_Information given_
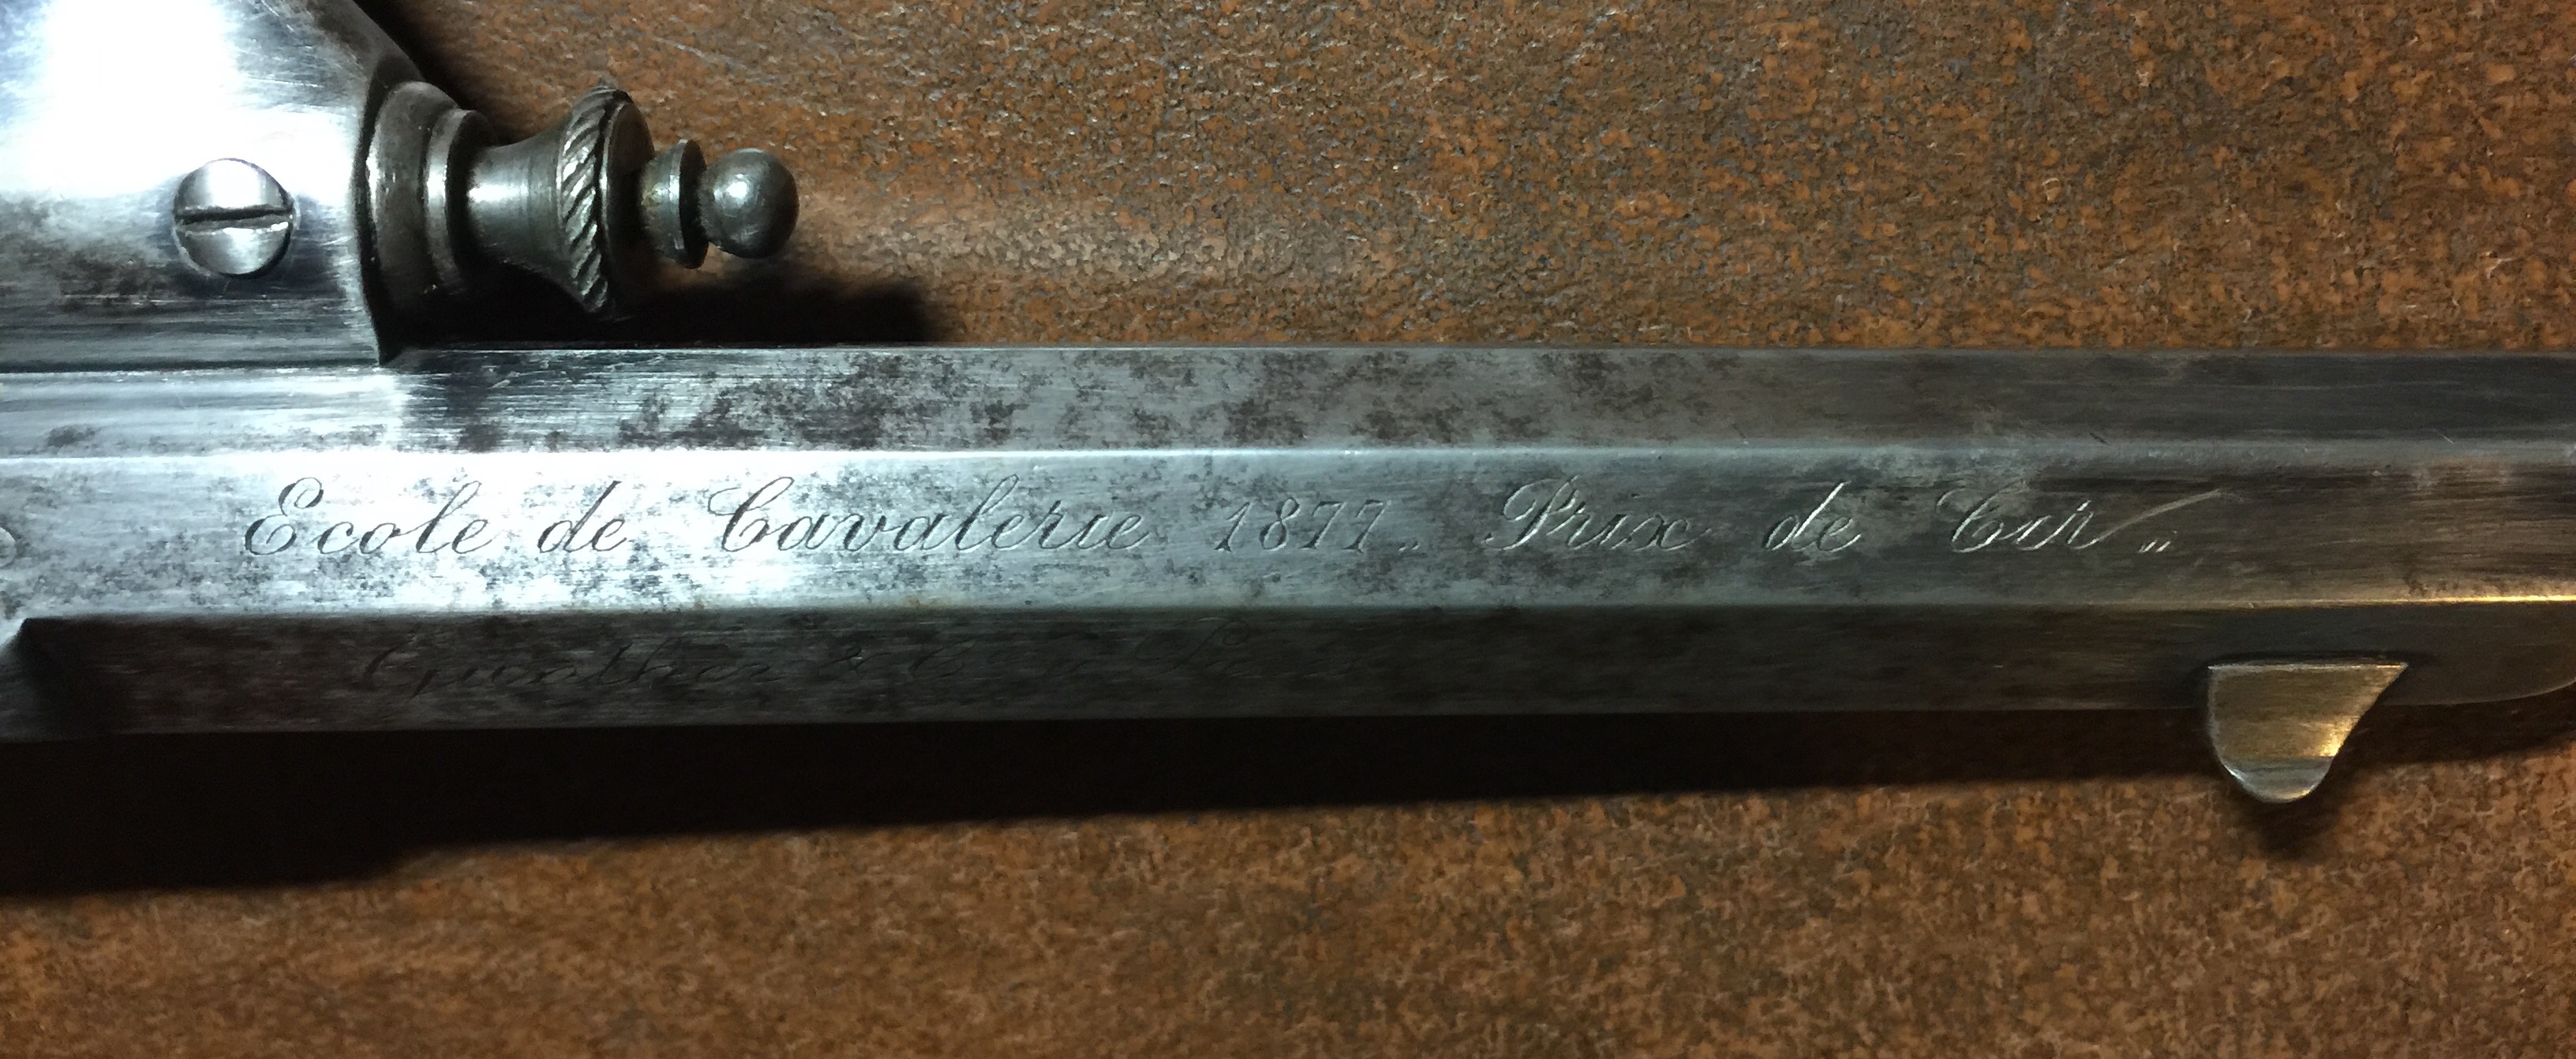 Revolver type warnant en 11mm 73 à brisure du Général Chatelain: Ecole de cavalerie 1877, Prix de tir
---
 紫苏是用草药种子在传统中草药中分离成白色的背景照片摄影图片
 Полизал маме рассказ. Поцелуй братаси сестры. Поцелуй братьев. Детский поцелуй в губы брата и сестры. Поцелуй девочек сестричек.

_What is expected_
Retype only the stretch of lines above starting at the one with "紫苏是用草药种子在传统中草药中分离成白色的背景照片摄影图片" and stopping at the one with "Полизал маме рассказ.", exactly as written, with both kept.

_Reply_
 紫苏是用草药种子在传统中草药中分离成白色的背景照片摄影图片
 Полизал маме рассказ. Поцелуй братаси сестры. Поцелуй братьев. Детский поцелуй в губы брата и сестры. Поцелуй девочек сестричек.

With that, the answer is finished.